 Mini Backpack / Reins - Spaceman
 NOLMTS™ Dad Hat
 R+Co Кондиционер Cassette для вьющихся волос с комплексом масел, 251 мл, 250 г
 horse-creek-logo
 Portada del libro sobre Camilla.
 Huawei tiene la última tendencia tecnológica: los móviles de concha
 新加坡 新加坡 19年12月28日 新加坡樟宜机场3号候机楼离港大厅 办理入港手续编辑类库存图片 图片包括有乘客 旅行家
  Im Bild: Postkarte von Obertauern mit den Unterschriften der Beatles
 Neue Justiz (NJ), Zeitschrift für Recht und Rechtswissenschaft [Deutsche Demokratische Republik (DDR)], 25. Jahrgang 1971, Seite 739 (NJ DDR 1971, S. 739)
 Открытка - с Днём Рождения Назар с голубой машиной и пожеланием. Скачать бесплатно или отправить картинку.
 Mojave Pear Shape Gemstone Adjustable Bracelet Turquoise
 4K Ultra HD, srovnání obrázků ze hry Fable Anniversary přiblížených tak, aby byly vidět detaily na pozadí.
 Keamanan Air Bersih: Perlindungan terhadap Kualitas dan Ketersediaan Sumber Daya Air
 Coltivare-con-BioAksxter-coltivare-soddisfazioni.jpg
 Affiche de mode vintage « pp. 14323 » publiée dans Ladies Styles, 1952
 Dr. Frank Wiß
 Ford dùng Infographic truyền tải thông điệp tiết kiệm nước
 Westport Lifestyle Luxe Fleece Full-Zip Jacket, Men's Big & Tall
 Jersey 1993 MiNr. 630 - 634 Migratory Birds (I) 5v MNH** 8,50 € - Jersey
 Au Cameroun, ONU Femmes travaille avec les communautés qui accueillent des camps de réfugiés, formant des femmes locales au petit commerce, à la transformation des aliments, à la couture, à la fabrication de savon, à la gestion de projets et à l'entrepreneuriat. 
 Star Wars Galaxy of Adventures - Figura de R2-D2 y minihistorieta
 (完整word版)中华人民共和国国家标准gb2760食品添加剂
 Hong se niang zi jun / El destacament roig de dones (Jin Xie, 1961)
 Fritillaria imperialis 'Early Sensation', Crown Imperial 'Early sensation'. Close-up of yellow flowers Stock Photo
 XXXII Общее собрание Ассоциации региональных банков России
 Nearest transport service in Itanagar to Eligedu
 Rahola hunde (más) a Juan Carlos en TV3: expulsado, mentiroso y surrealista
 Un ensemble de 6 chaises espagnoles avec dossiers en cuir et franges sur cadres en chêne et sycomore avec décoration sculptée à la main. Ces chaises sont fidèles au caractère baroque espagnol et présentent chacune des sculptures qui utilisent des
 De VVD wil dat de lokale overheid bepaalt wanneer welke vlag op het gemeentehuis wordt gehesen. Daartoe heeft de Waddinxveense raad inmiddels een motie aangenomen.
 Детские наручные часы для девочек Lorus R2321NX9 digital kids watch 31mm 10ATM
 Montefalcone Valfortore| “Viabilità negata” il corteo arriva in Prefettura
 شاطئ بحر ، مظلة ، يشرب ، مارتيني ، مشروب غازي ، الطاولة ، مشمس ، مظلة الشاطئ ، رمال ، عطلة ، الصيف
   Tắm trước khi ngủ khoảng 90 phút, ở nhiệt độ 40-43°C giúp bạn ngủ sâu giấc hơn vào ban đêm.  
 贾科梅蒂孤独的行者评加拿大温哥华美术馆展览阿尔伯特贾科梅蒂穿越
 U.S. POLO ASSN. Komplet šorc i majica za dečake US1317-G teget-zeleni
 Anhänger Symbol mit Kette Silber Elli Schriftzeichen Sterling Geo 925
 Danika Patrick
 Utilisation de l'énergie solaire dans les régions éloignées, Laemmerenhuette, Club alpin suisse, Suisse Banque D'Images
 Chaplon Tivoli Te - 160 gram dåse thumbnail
*****
> _Task description_: All records are to be retyped exactly. None may be omitted.

> _The answer_:
 Mini Backpack / Reins - Spaceman
 NOLMTS™ Dad Hat
 R+Co Кондиционер Cassette для вьющихся волос с комплексом масел, 251 мл, 250 г
 horse-creek-logo
 Portada del libro sobre Camilla.
 Huawei tiene la última tendencia tecnológica: los móviles de concha
 新加坡 新加坡 19年12月28日 新加坡樟宜机场3号候机楼离港大厅 办理入港手续编辑类库存图片 图片包括有乘客 旅行家
  Im Bild: Postkarte von Obertauern mit den Unterschriften der Beatles
 Neue Justiz (NJ), Zeitschrift für Recht und Rechtswissenschaft [Deutsche Demokratische Republik (DDR)], 25. Jahrgang 1971, Seite 739 (NJ DDR 1971, S. 739)
 Открытка - с Днём Рождения Назар с голубой машиной и пожеланием. Скачать бесплатно или отправить картинку.
 Mojave Pear Shape Gemstone Adjustable Bracelet Turquoise
 4K Ultra HD, srovnání obrázků ze hry Fable Anniversary přiblížených tak, aby byly vidět detaily na pozadí.
 Keamanan Air Bersih: Perlindungan terhadap Kualitas dan Ketersediaan Sumber Daya Air
 Coltivare-con-BioAksxter-coltivare-soddisfazioni.jpg
 Affiche de mode vintage « pp. 14323 » publiée dans Ladies Styles, 1952
 Dr. Frank Wiß
 Ford dùng Infographic truyền tải thông điệp tiết kiệm nước
 Westport Lifestyle Luxe Fleece Full-Zip Jacket, Men's Big & Tall
 Jersey 1993 MiNr. 630 - 634 Migratory Birds (I) 5v MNH** 8,50 € - Jersey
 Au Cameroun, ONU Femmes travaille avec les communautés qui accueillent des camps de réfugiés, formant des femmes locales au petit commerce, à la transformation des aliments, à la couture, à la fabrication de savon, à la gestion de projets et à l'entrepreneuriat. 
 Star Wars Galaxy of Adventures - Figura de R2-D2 y minihistorieta
 (完整word版)中华人民共和国国家标准gb2760食品添加剂
 Hong se niang zi jun / El destacament roig de dones (Jin Xie, 1961)
 Fritillaria imperialis 'Early Sensation', Crown Imperial 'Early sensation'. Close-up of yellow flowers Stock Photo
 XXXII Общее собрание Ассоциации региональных банков России
 Nearest transport service in Itanagar to Eligedu
 Rahola hunde (más) a Juan Carlos en TV3: expulsado, mentiroso y surrealista
 Un ensemble de 6 chaises espagnoles avec dossiers en cuir et franges sur cadres en chêne et sycomore avec décoration sculptée à la main. Ces chaises sont fidèles au caractère baroque espagnol et présentent chacune des sculptures qui utilisent des
 De VVD wil dat de lokale overheid bepaalt wanneer welke vlag op het gemeentehuis wordt gehesen. Daartoe heeft de Waddinxveense raad inmiddels een motie aangenomen.
 Детские наручные часы для девочек Lorus R2321NX9 digital kids watch 31mm 10ATM
 Montefalcone Valfortore| “Viabilità negata” il corteo arriva in Prefettura
 شاطئ بحر ، مظلة ، يشرب ، مارتيني ، مشروب غازي ، الطاولة ، مشمس ، مظلة الشاطئ ، رمال ، عطلة ، الصيف
   Tắm trước khi ngủ khoảng 90 phút, ở nhiệt độ 40-43°C giúp bạn ngủ sâu giấc hơn vào ban đêm.  
 贾科梅蒂孤独的行者评加拿大温哥华美术馆展览阿尔伯特贾科梅蒂穿越
 U.S. POLO ASSN. Komplet šorc i majica za dečake US1317-G teget-zeleni
 Anhänger Symbol mit Kette Silber Elli Schriftzeichen Sterling Geo 925
 Danika Patrick
 Utilisation de l'énergie solaire dans les régions éloignées, Laemmerenhuette, Club alpin suisse, Suisse Banque D'Images
 Chaplon Tivoli Te - 160 gram dåse thumbnail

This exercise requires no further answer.